Professor Ishaq Akintola, Director, Muslim Rights Concern (MURIC), has censured the assault on Catholic seminarian, Lawrence Ezeugwu, by masquerades in Nsukka, Enugu.
The Catholic cleric a week ago was beaten to trance state by a gathering of masquerades prominently called Oriokpa who obstructed the street at Ugwuoyia, Nsukka.
MURIC mourned what it called “wanton presentation of religious fanaticism by traditionalists. It is unrefined, savage and symptomatic of thuggery and hooliganism”
The Muslim gathering, in the announcement, drew the consideration of the Federal Government to the overabundances of traditionalists especially in Southern Nigeria.
“Indeed, even in the South West, the Oro clique admirers act as though they are exempt from the laws that apply to everyone else. Traditionalists force illicit check in time without being tested by the experts.
“A decent illustration is the time limit forced by Oro cultists in Ikorodu, Lagos State, amid the last Ramadan season which almost brought about a rough conflict amongst Muslims and traditionalists.
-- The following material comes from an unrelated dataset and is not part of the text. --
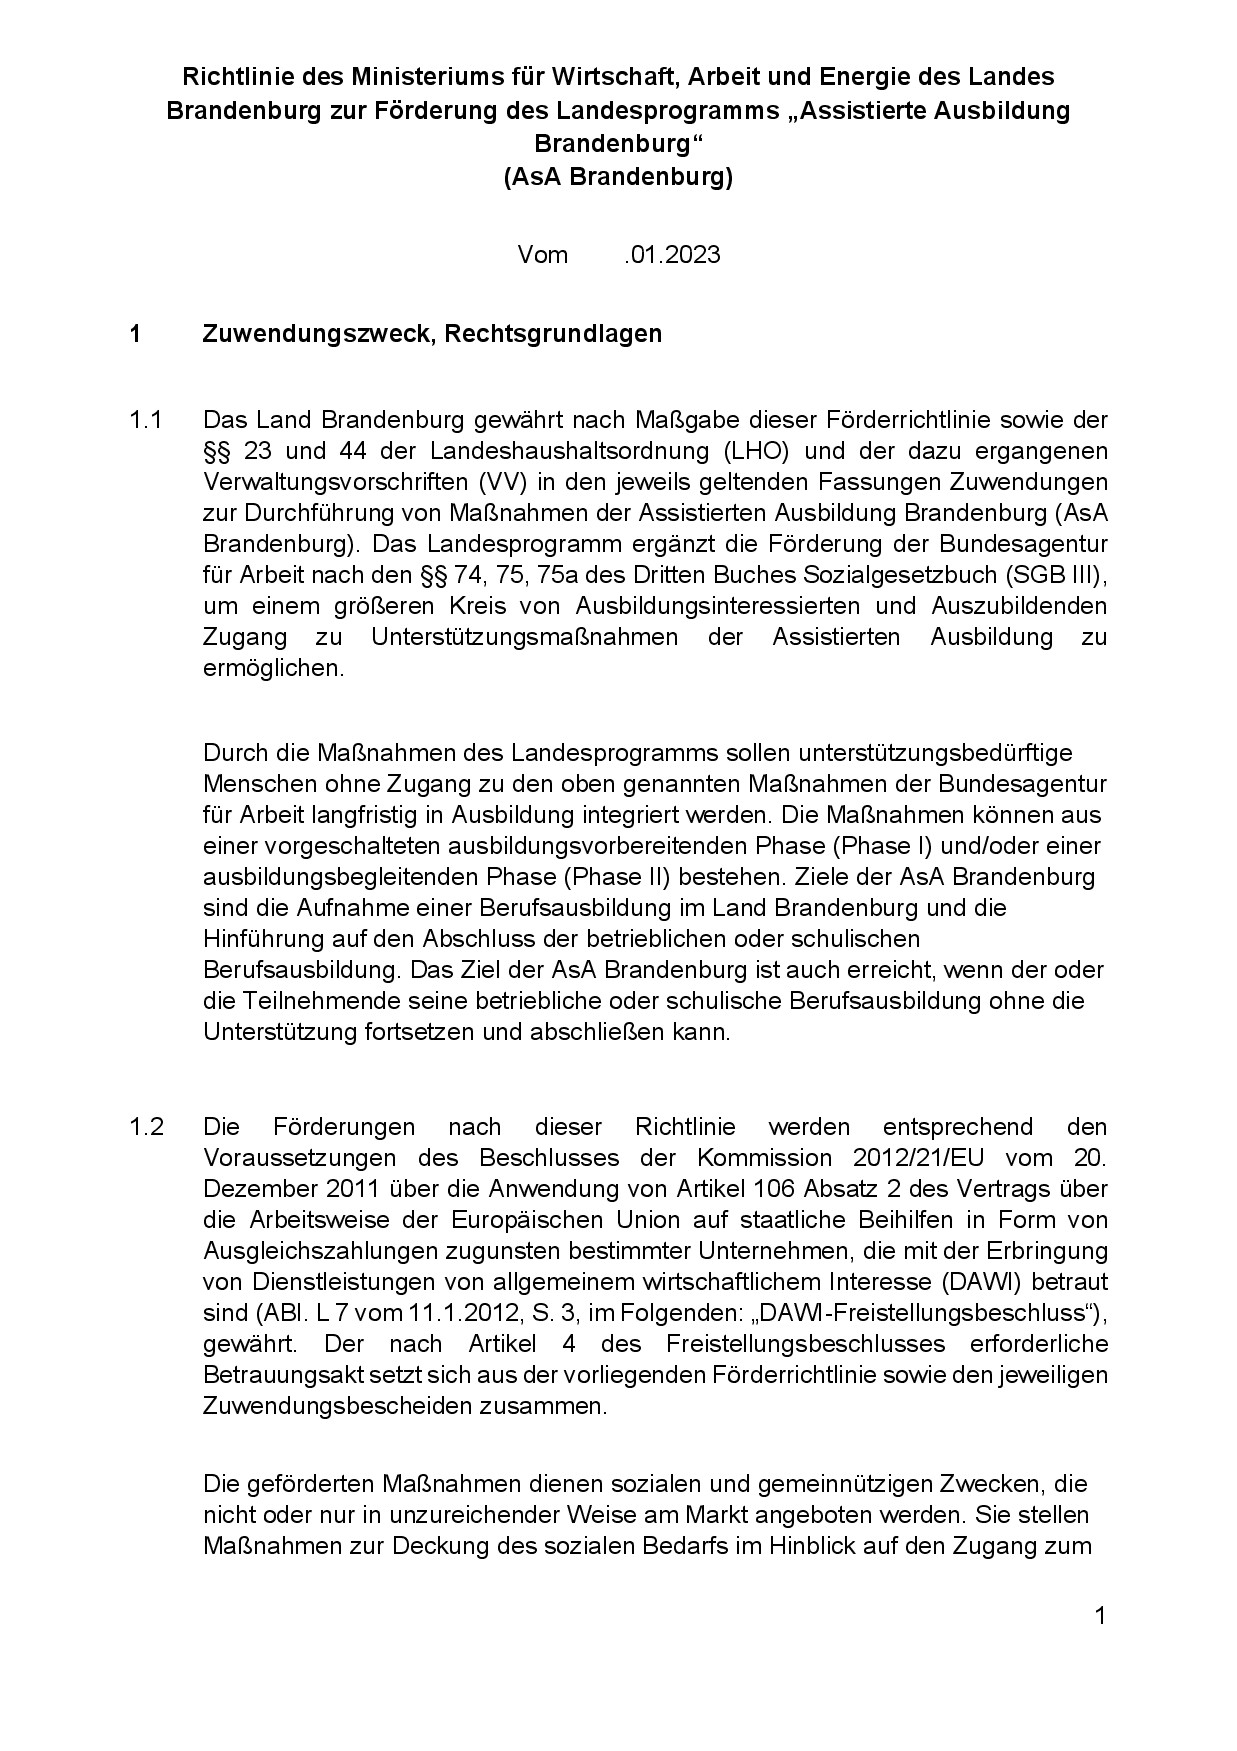 Bild vergrößern (Bild: Richtlinie des Ministeriums für Wirtschaft, Arbeit und Energie des Landes Brandenburg zur Förderung des Landesprogramms AsA Brandenburg-001.jpg)

“It is outstanding that Muslims carry between the mosques and their homes day and night amid Ramadan. The inconvenience of a time limitation amid such a period was illicit as well as provocative.
“In spite of the fact that the 1999 Constitution of the Federal Republic of Nigeria Section 38 (i) and (ii) ensures flexibility of religion in this manner enabling traditionalists to openly rehearse their confidence, it doesn’t permit one gathering to praise it over another.
“The privilege of traditionalists to religious flexibility stops where it starts to infringe on others’ rights and the other way around.
“MURIC along these lines claims to the Inspector General of Police (IG) to guarantee that the masquerades who assaulted the Catholic cleric are appropriately rebuffed. State and neighborhood governments should likewise boycott unlawful announcement of curfews by cultists.
“Anything shy of these will be a welcome to disarray as residents who are aware of their entitlement to opportunity of development as stipulated in Section 41 (i) of the 1999 Constitution might be enticed to challenge any unlawful inconvenience of time limitation and safeguard themselves”.